Rabu, 04 Maret 2020

SOERABAIA TEMPO DOELOE “CIKAR ALAT TRANSPORTASI TEMPO DOELOE”


Oleh : Washil Bahalwan


Surabaya kaya akan warisan legendaris dari berbagai aspek dan sudut pandang yang itu semuanya menjadi kewajiban bersama untuk tetap memelihara dan melestarikannya. Maka pada edisi ini penulis akan mengungkap hal legendaris lainnya yang juga perlu dan seyogyanya bagi warga kota Surabaya untuk mengetahui dan mengenalnya.


Sekarang ini, mungkin kita hanya mengenal bus, truk, pesawat, kapal laut, angkot dan lainnya sebagai alat transportasi. Akan tetapi jauh sebelumnya di Soerabaia tempo doeloe, kita juga mengenal alat transportasi yang ikut menentukan urat nadi perdagangan di Soerabaia.


Nah kali ini akan penulis ceritakan kembali alat transportasi tempo dulu yang merupakan saksi sejarah terhadap perjalanan dan dinamika perdagangan Soerabaia tempo doeloe. Alat transportasi itu adalah Cikar.


Sebagai rujukan adalah dokumen pribadi 17 tahun yang lalu berupa kliping koleksi tulisan Pak Dukut Imam Widodo yang dimuat di Radar Surabaya, Kamis, 14 Juni 2001 serta cerita dari berbagai pihak. Kemudian dari berbagai sumber tadi diceritakan kembali dengan gaya dan model penulis dengan tidak mengurangi makna aslinya. Untuk lebih jelasnya, marilah kita simak bersama cerita rakyat Soerabaia tempo doeloe.
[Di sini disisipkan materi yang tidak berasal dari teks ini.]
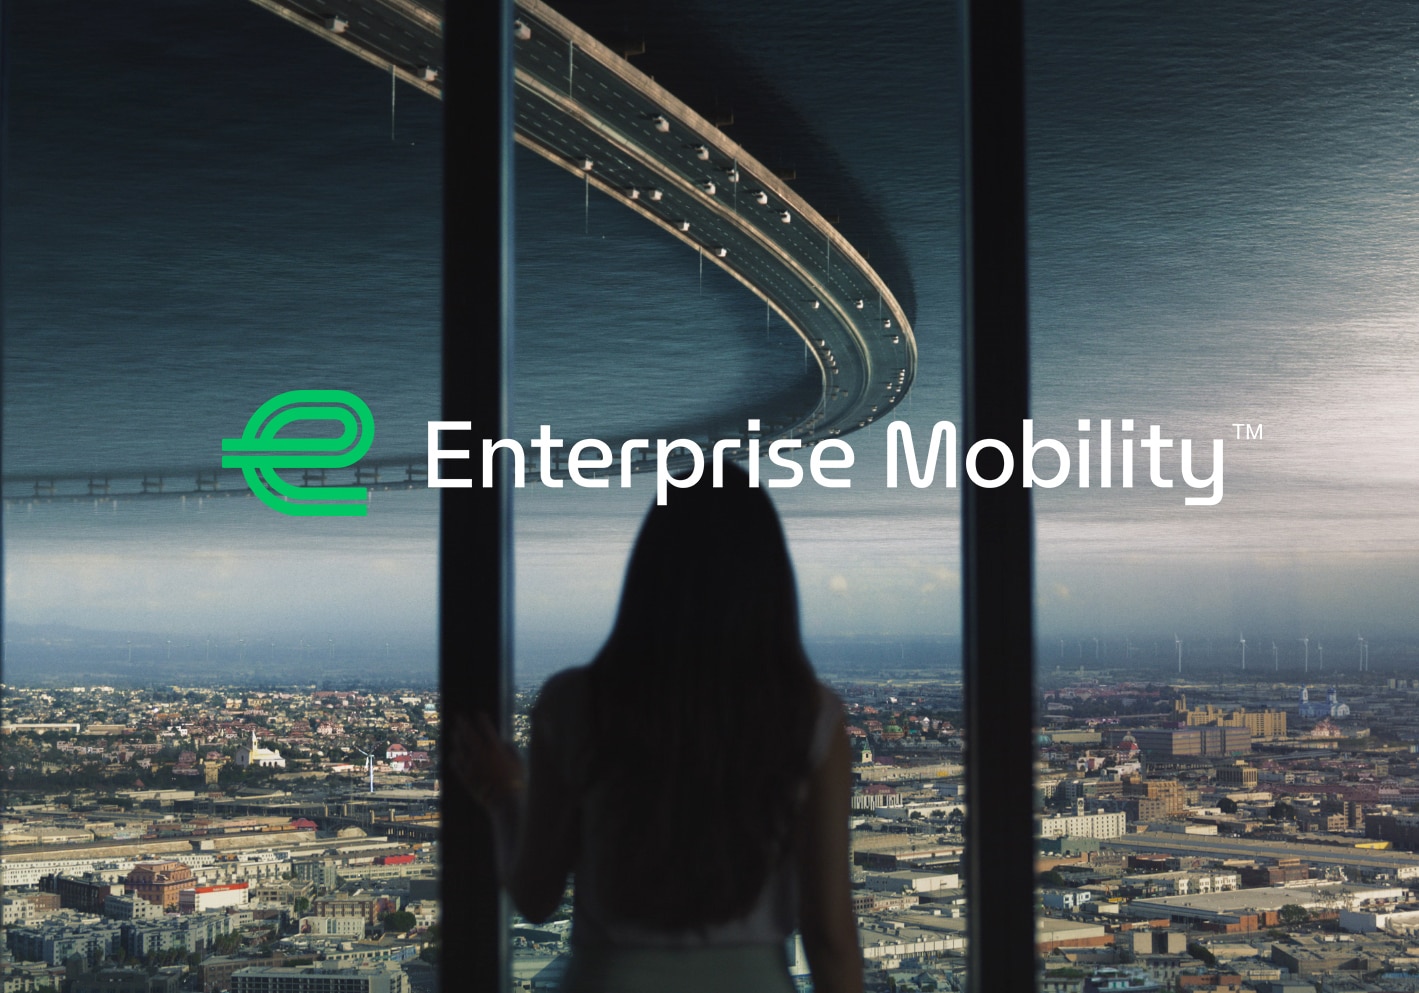 Enterprise Mobility Debuts First Corporate Brand Marketing Campaign 
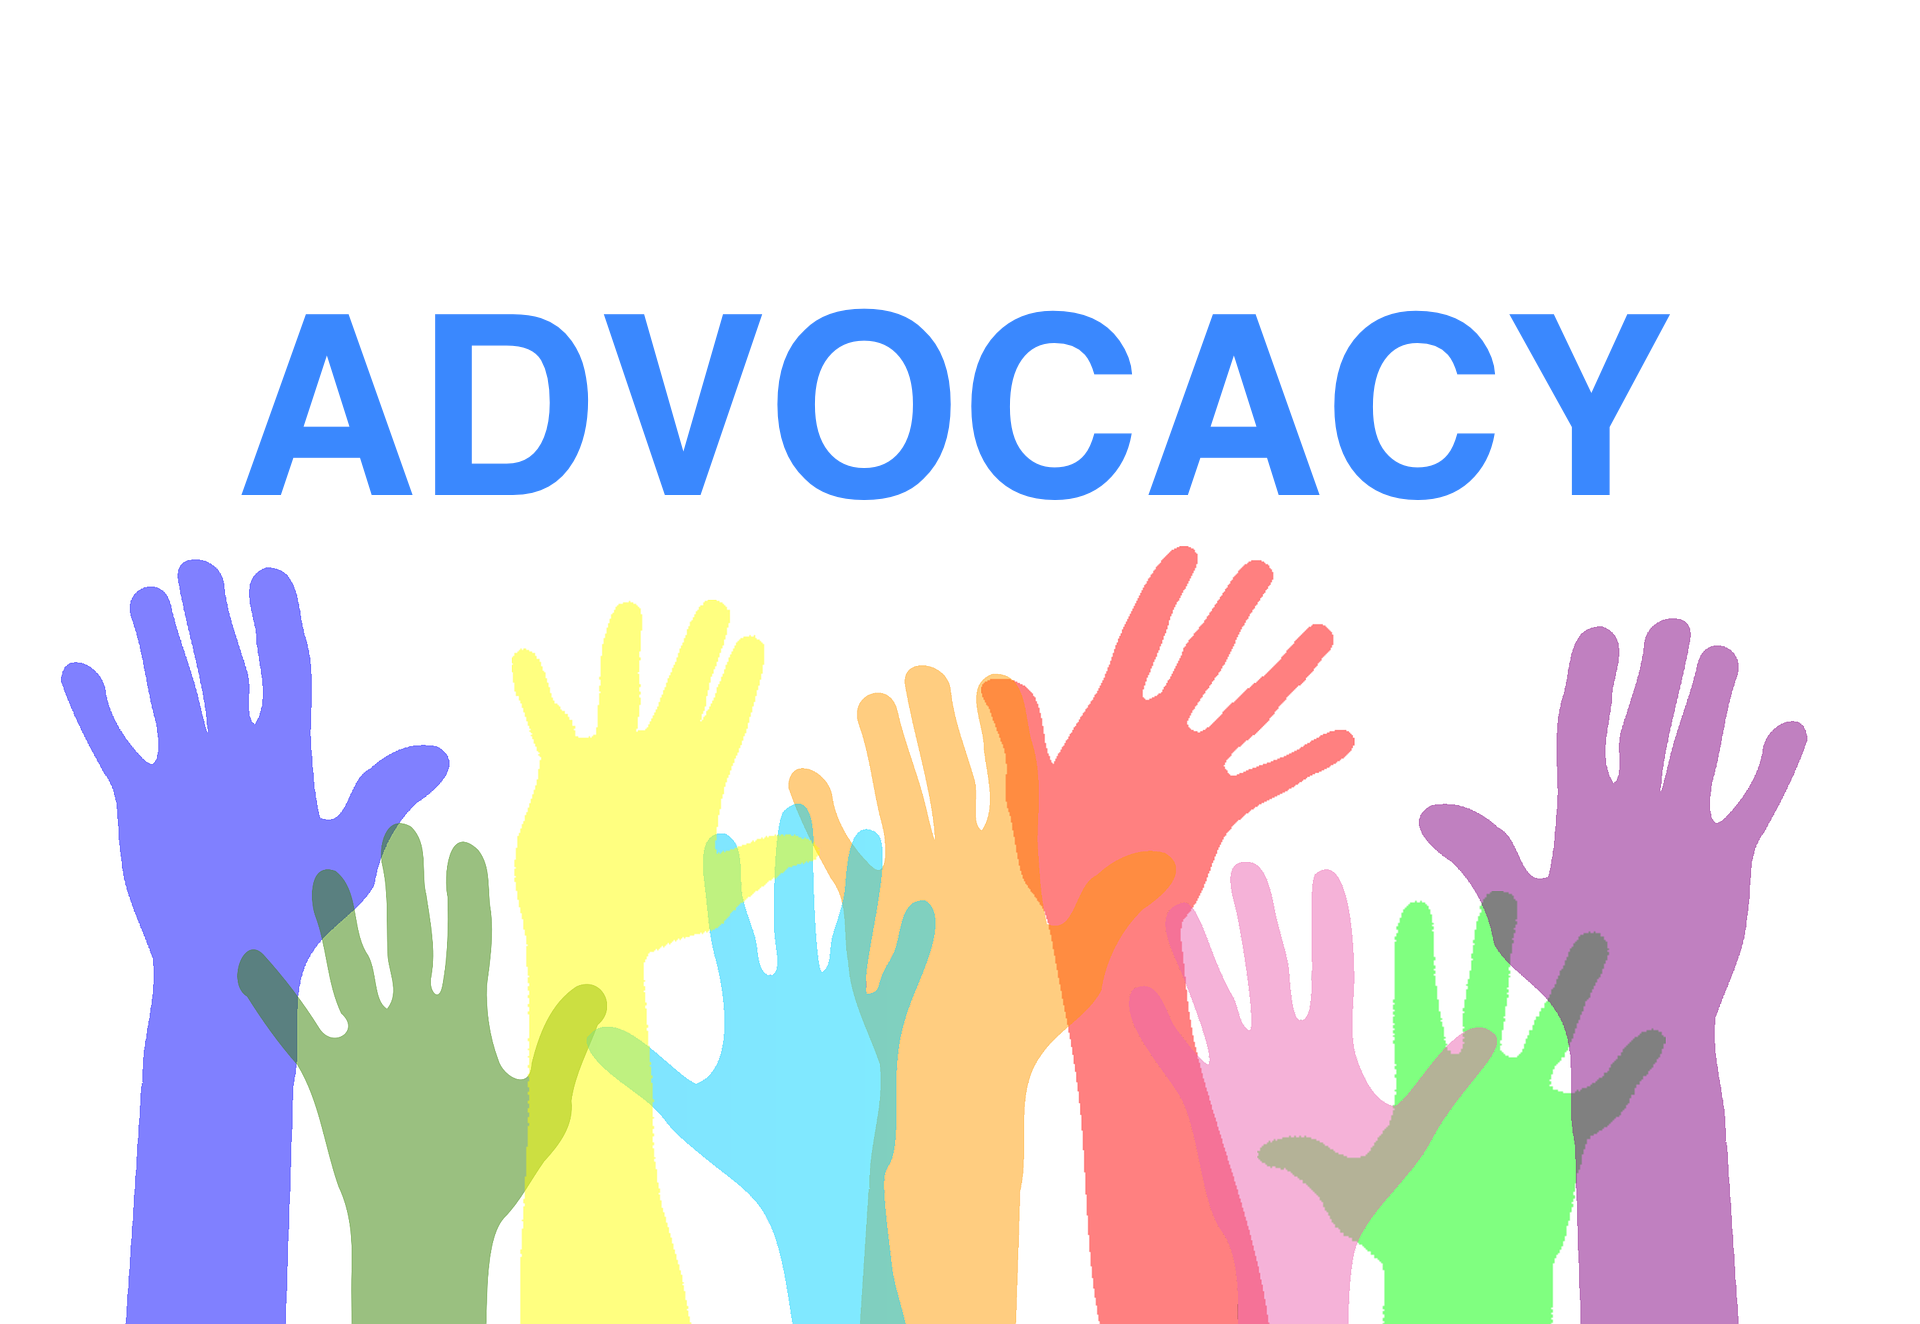 Image of colored hands along with the word 'Advocacy'

Saisnya Turun-Temurun, Tidak Ada Rebutan Penumpang


Mungkin generasi Surabaya sekarang mengenal pelabuhan Surabaya ya Tanjung Perak. Padahal, selain Tanjung Perak, Soerabaia tempo doeloe memiliki pelabuhan yang sangat terkenal untuk bongkar muat barang-barang dari dan keluar pulau. Pelabuhan tersebut adalah Pelabuhan Kalimas Surabaya.

Ketika pagi menjelang Subuh, di Pelabuhan Kalimas kita akan menjumpai pemandangan yang sangat menakjubkan. Pemandangan apakah yang menakjubkan tersebut ?


Ternyata setiap pagi menjelang Subuh di Pelabuhan Kalimas Soerabaia sudah ada puluhan cikar berjajar-jajar di tepi kali, di sela-sela truk yang panjang dan kekar menanti muatan. Sementara kapal-kapal layar yang membawa rotan dan kayu dari Kalimantan nampak bersandar, dimana, “isi perutnya” yang berupa bahan-bahan material itu dibongkar oleh para kerani (kuli bongkar muat pelabuhan).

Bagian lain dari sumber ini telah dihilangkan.